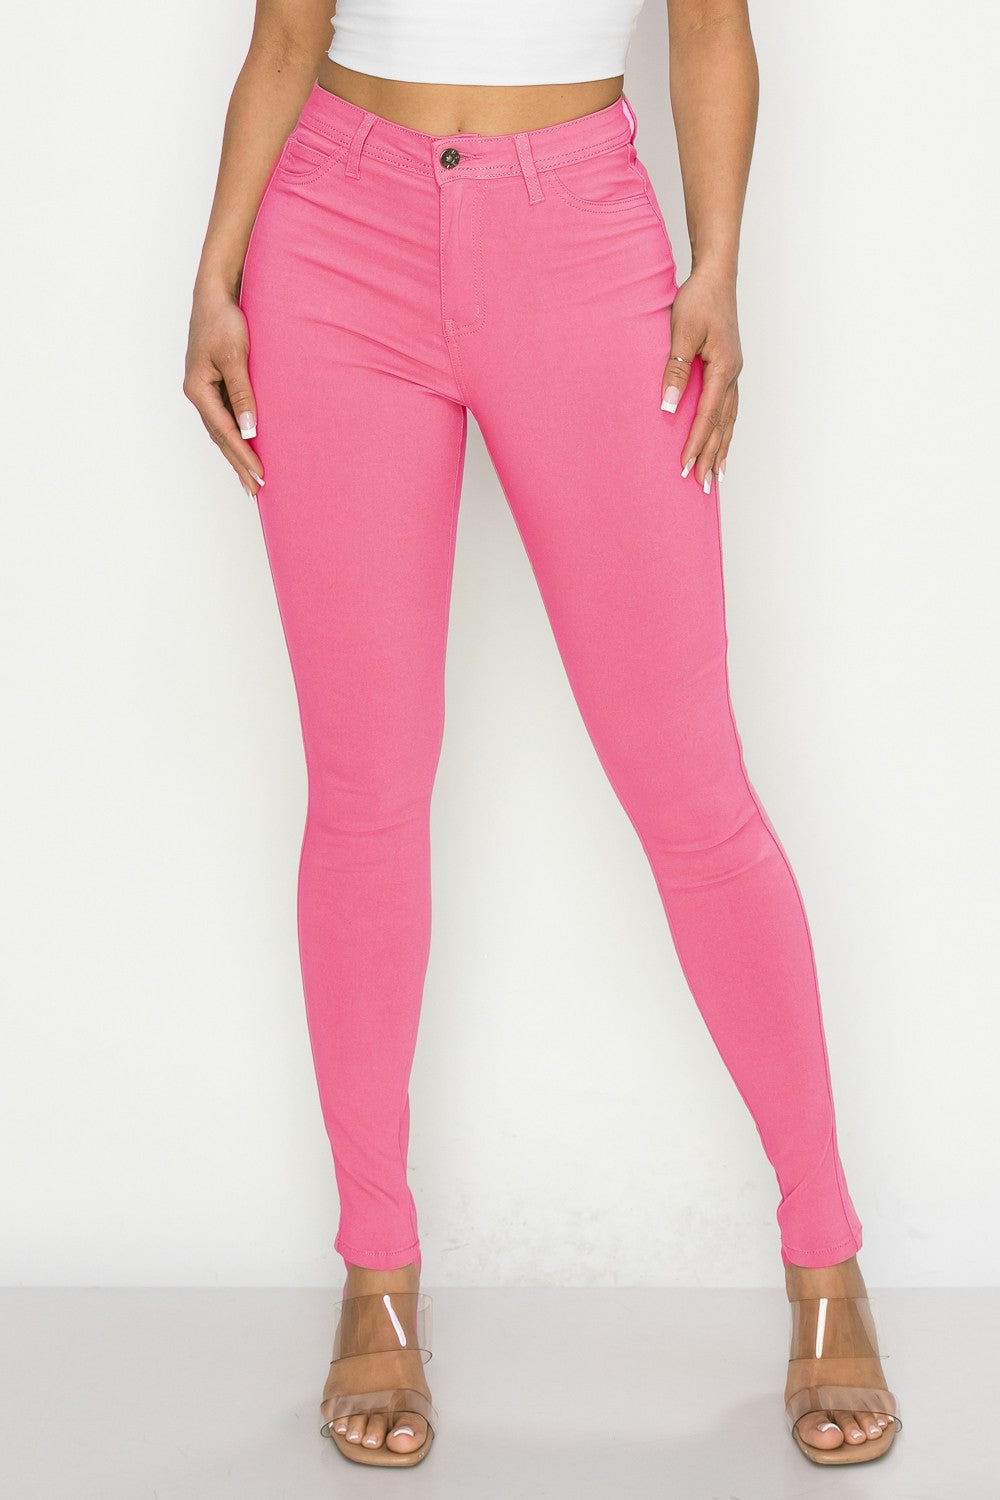 Barbie pink skinny jeans
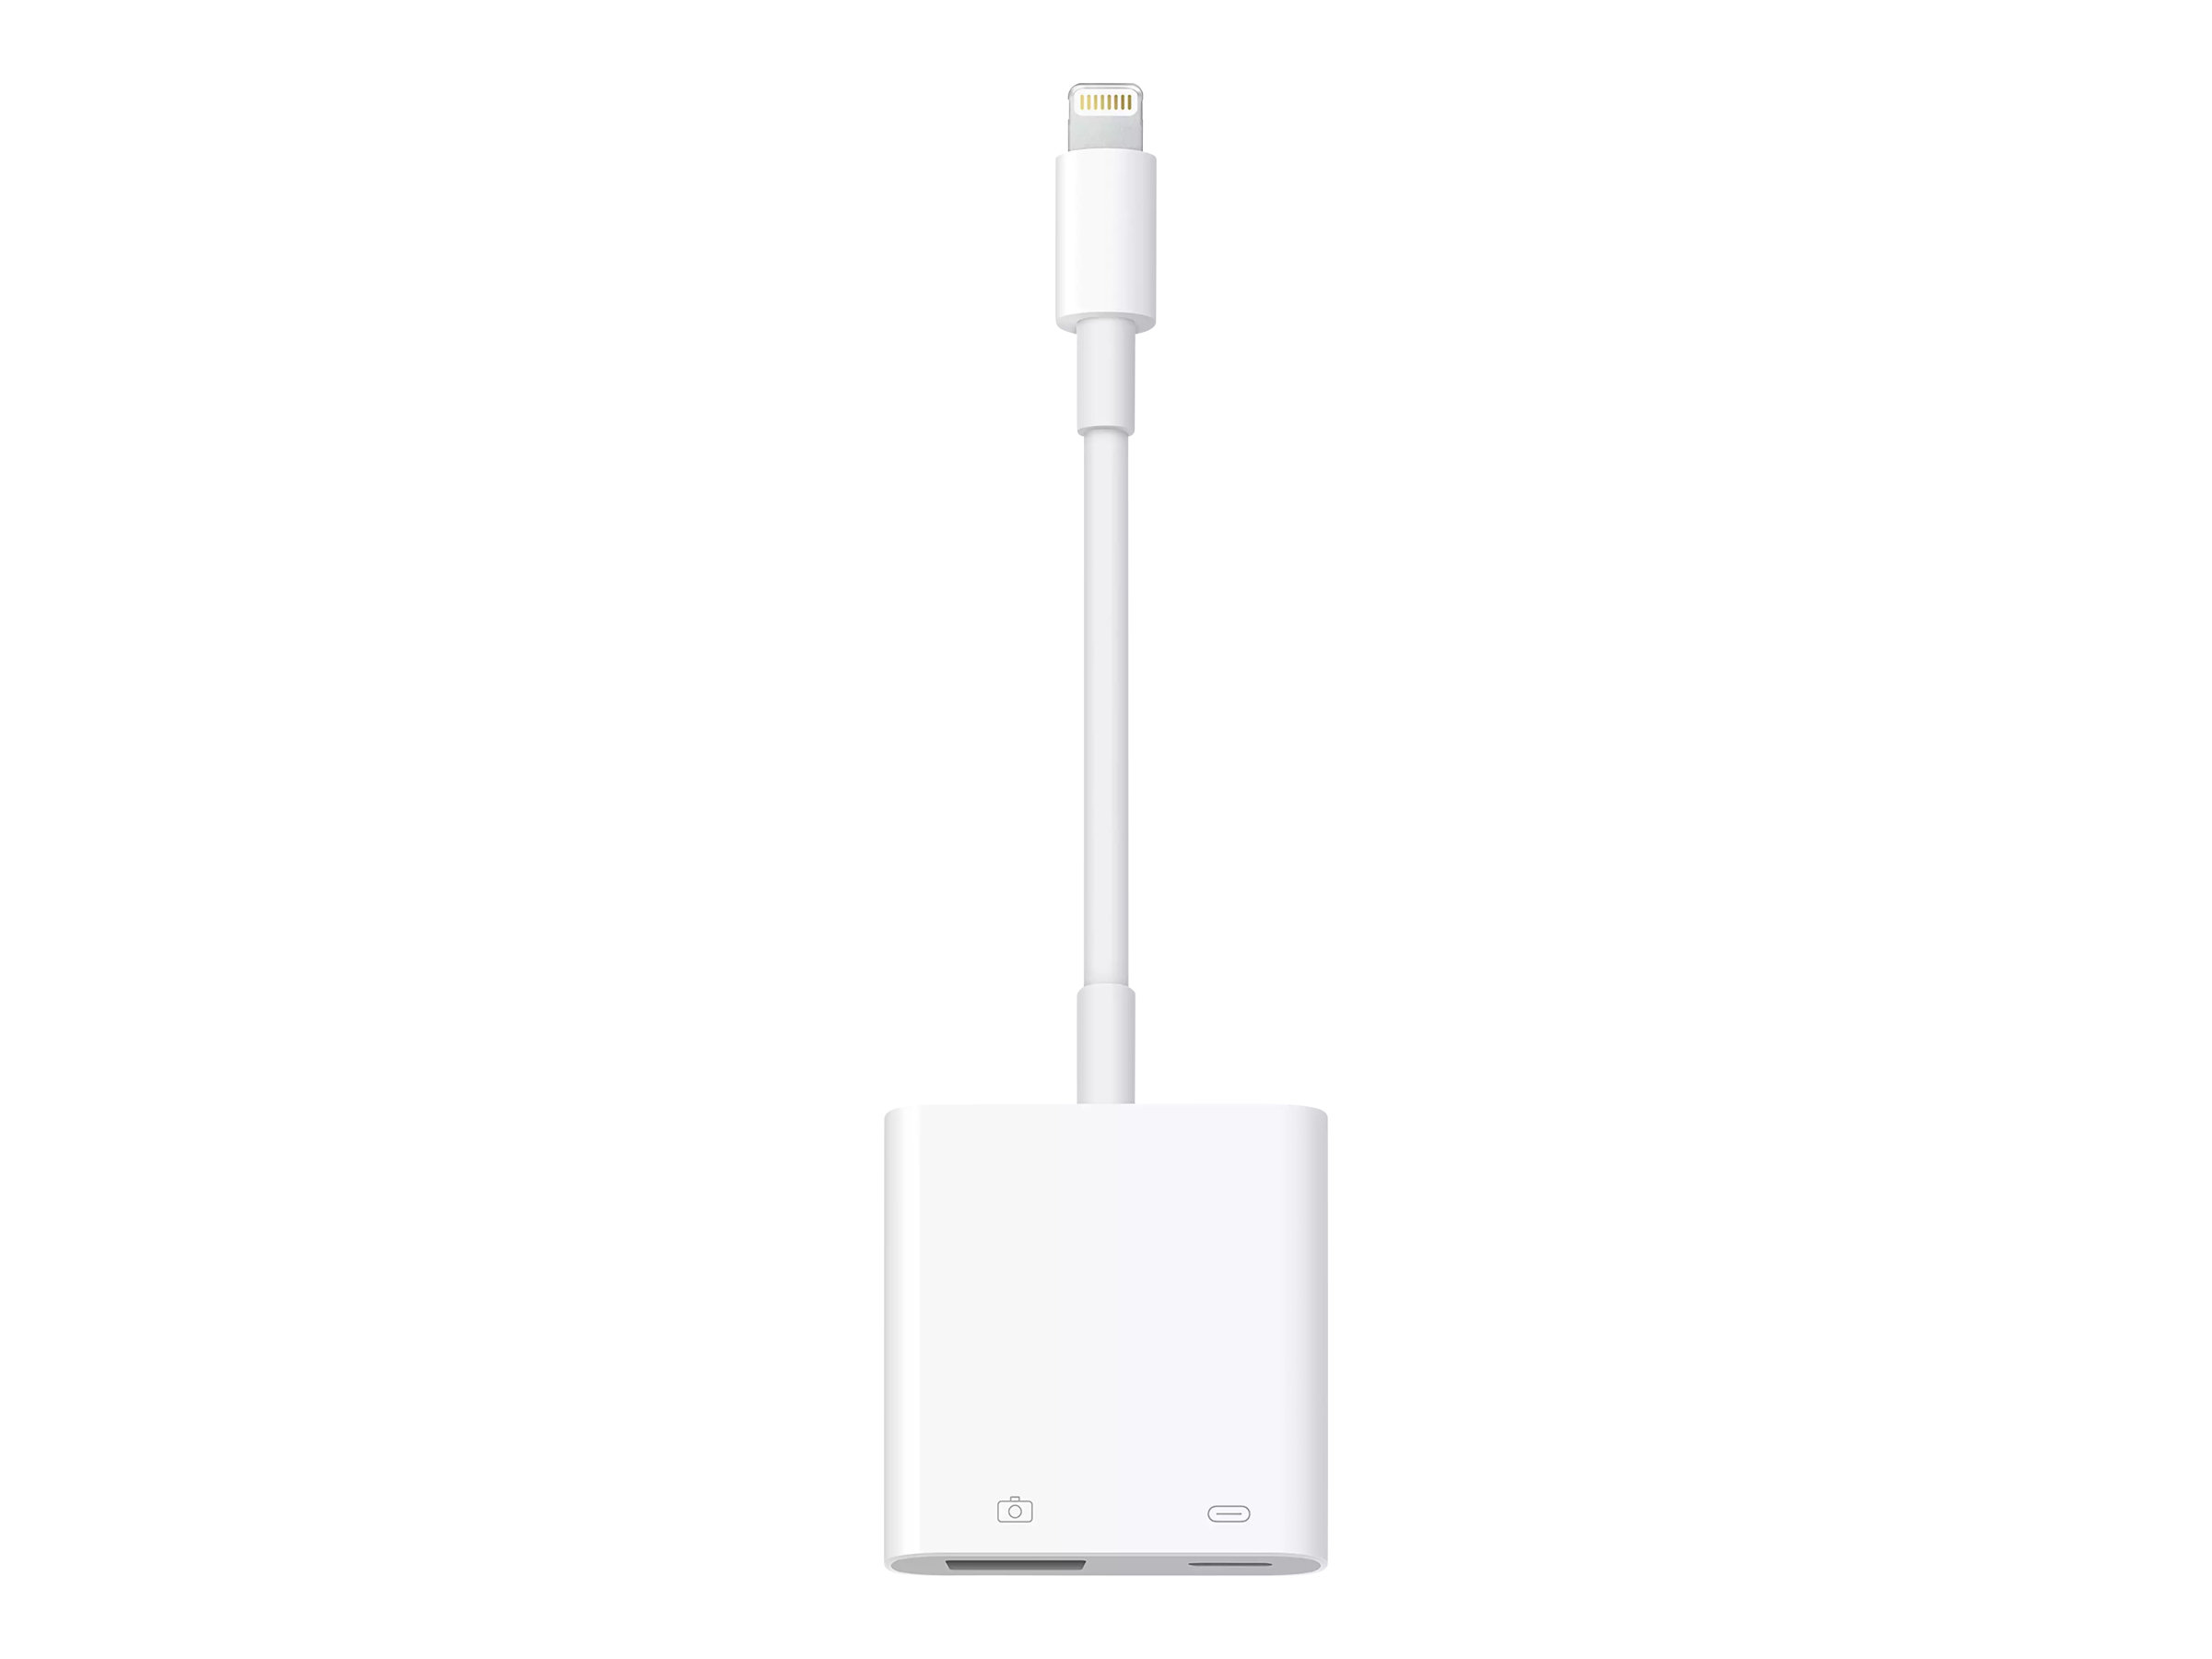 Apple Lightning to USB 3 Camera Adapter - Lightning Adapter - Lightning (M)
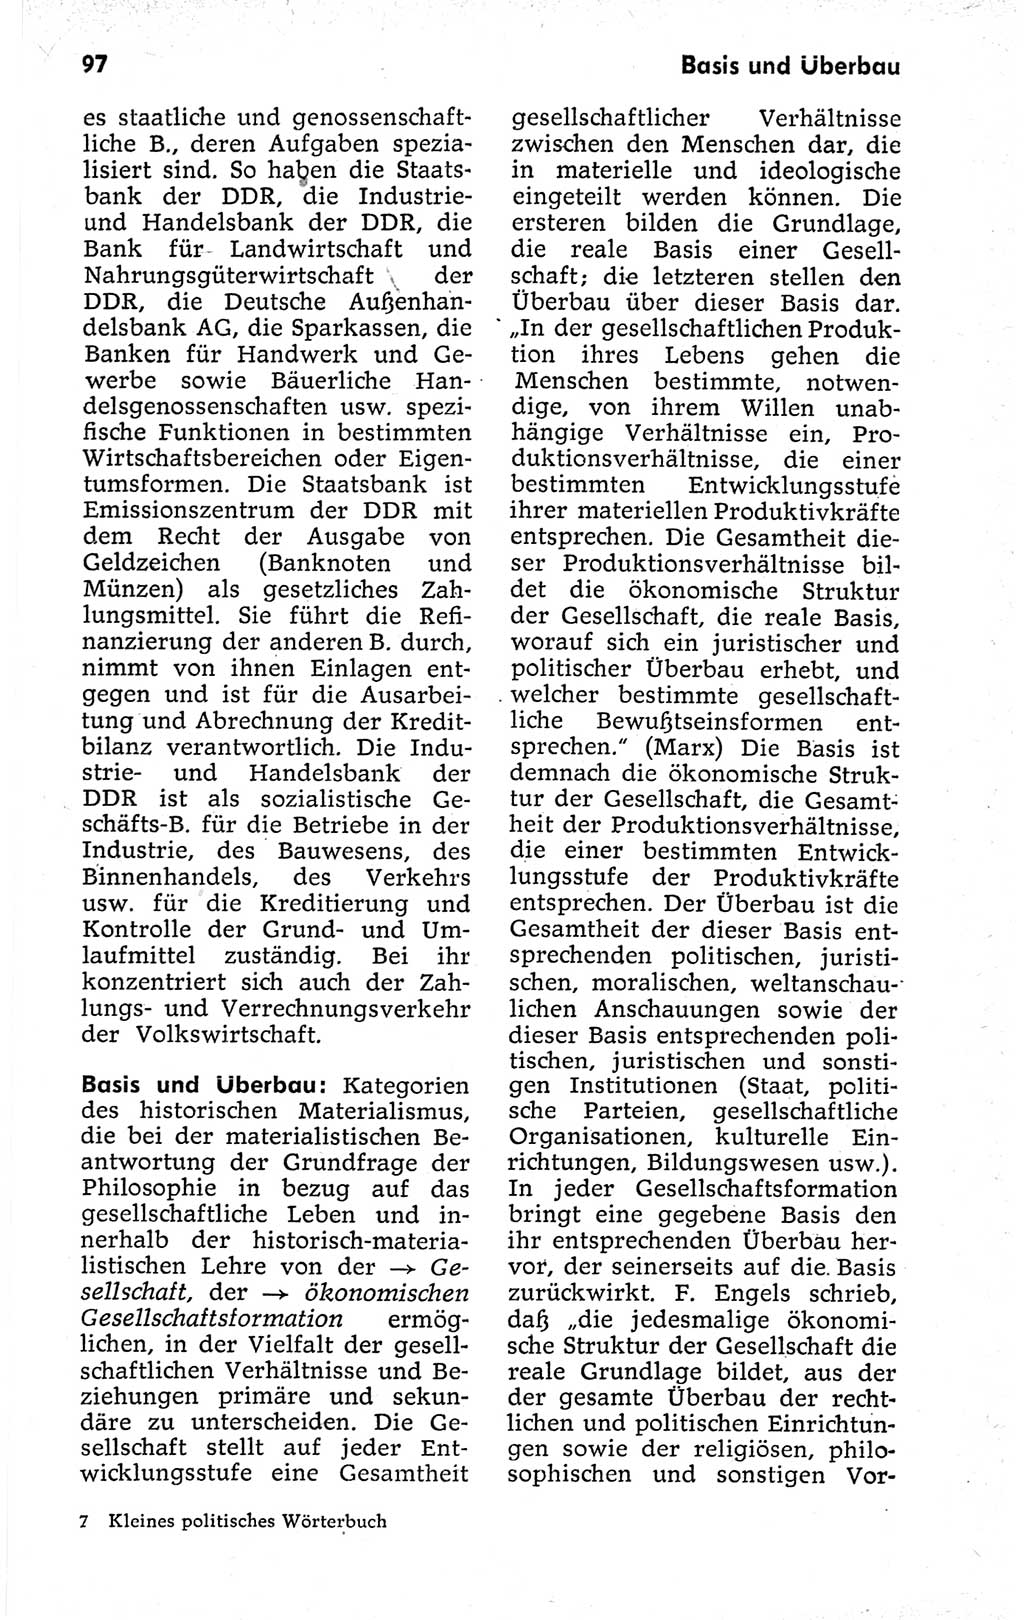 Kleines politisches Wörterbuch [Deutsche Demokratische Republik (DDR)] 1973, Seite 97 (Kl. pol. Wb. DDR 1973, S. 97)

Try it: Reproduce the material in full, word for word, and omit the pictures.

Answer box:
 Barbie pink skinny jeans
 Apple Lightning to USB 3 Camera Adapter - Lightning Adapter - Lightning (M)
 Kleines politisches Wörterbuch [Deutsche Demokratische Republik (DDR)] 1973, Seite 97 (Kl. pol. Wb. DDR 1973, S. 97)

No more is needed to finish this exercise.